TEHRAN – Iran’s supreme leader, Ayatollah Ali Khamenei, said Tuesday that his country should embrace diplomacy over militarism, saying it was time for “heroic leniency,” and signaled his embrace of international outreach efforts by new President Hassan Rouhani.
Although Khamenei said the Islamic republic must never abandon its revolutionary ideals and objectives, he said it was time to address Iran’s diplomatic rows with major world powers.
Earlier Tuesday, Iran’s foreign ministry confirmed that Rouhani and President Obama have exchanged letters in recent days.
“I agree with what I called ‘heroic leniency’ years ago, because such an approach is very good and necessary in certain situations as long as we stick to our main principles,” Khamenei said.
Khamenei’s words were the clearest indication to date that Rouhani’s government has his support, but to maintain it the new administration must approach potential negotiations with the United States and other major powers cautiously.
In his speech, Khamenei also rejected the claim made by some world powers that Iran is trying to develop nuclear weapons and accused such countries of a three-pronged policy of “making wars, poverty and corruption.”
“We do not believe in nuclear weapons because of our beliefs, not for the sake of the U.S. or other countries, and when we say that no country should possess nuclear weapons, we ourselves are definitely not trying to possess them,” Khamenei said.
Khamenei made the speech at a meeting of members of Iran’s Revolutionary Guard Corps (IRGC) a day after Rouhani addressed the same group.

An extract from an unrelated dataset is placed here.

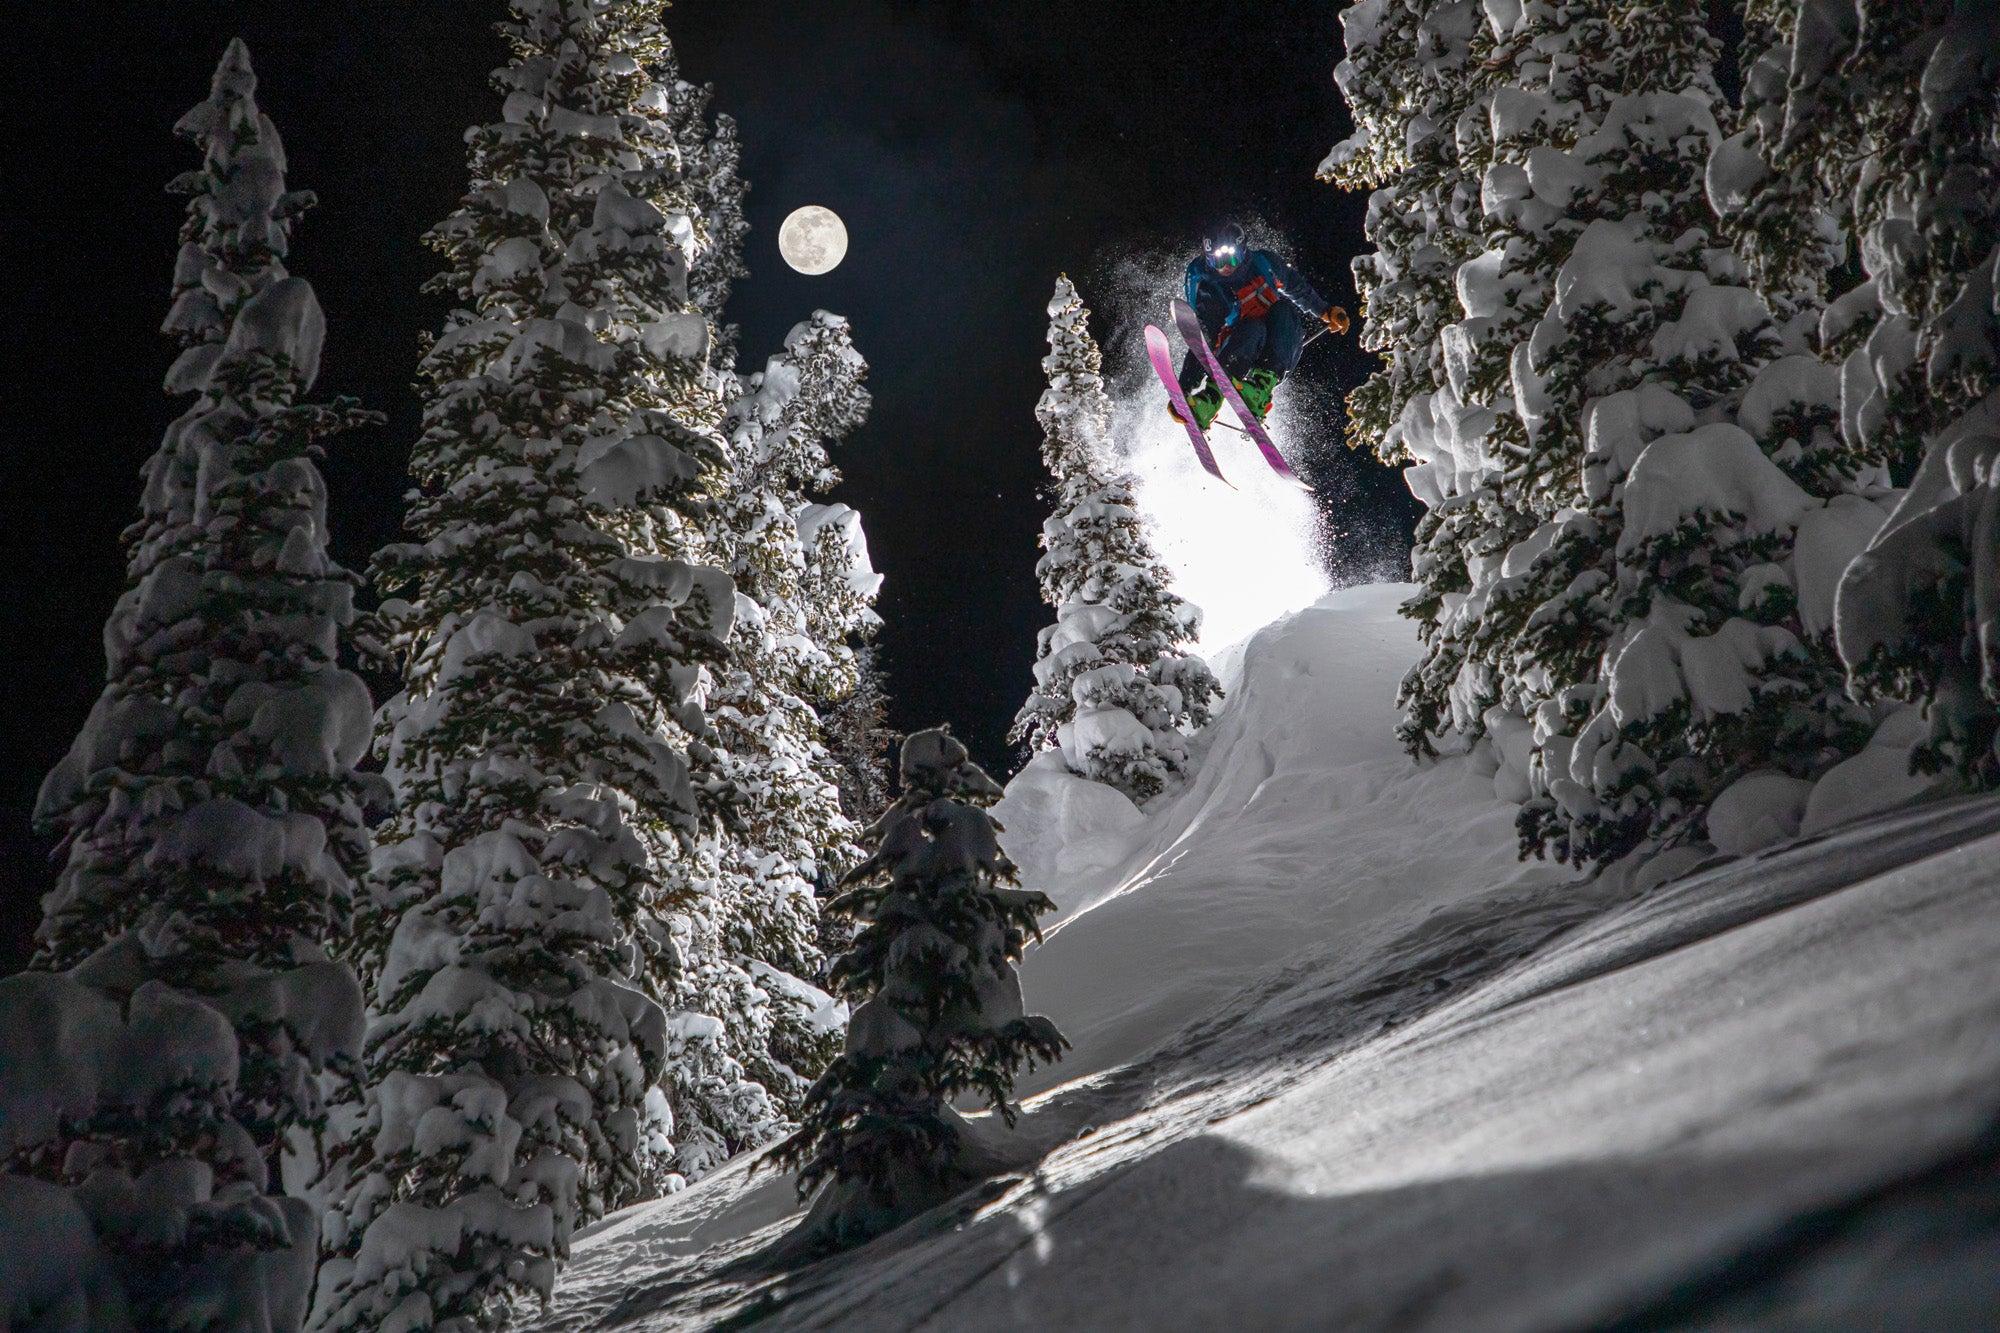 Full Moon Backcountry Skiing

Khamenei told the military commanders that “it is not necessary for the IRGC to be active in the political field, but defending the revolution requires that they understand political realities.”

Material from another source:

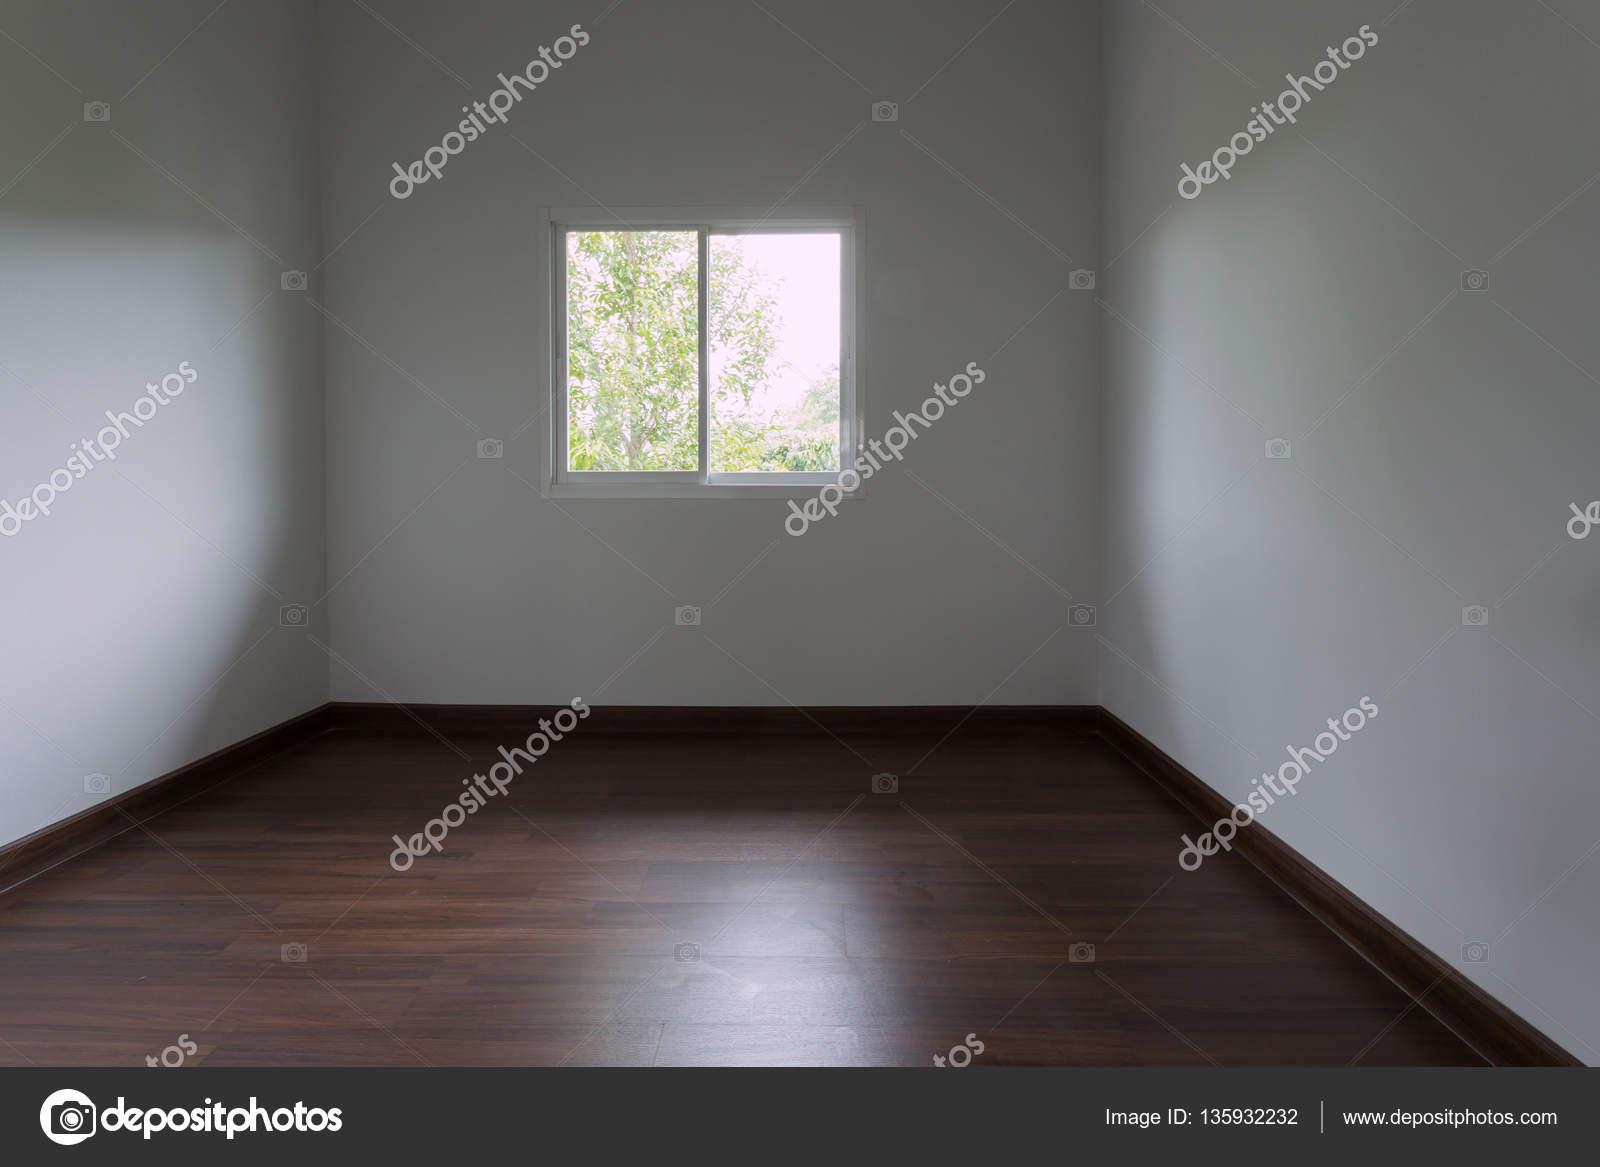 leeren Raum Innenarchitektur — Stockfoto © Sutichak #135932232

The remarks come just ahead of Rouhani and his foreign policy team’s trip to New York to attend the annual U.N. General Assembly.
Rouhani and Obama will address the gathering Sept. 24.
Meanwhile, as Khamenei was preaching moderation in foreign affairs, an easing in domestic policy appeared to be short-lived.
There was joy among Iran’s Facebook and Twitter fans after locks on social networks were lifted for several hours overnight. It was quickly dashed, however, when they were reinstated.
The brief access was a “technical glitch” that was quickly rectified, according to communications official Abdolsamad Khoramabadi, from the board overseeing the Internet in Iran.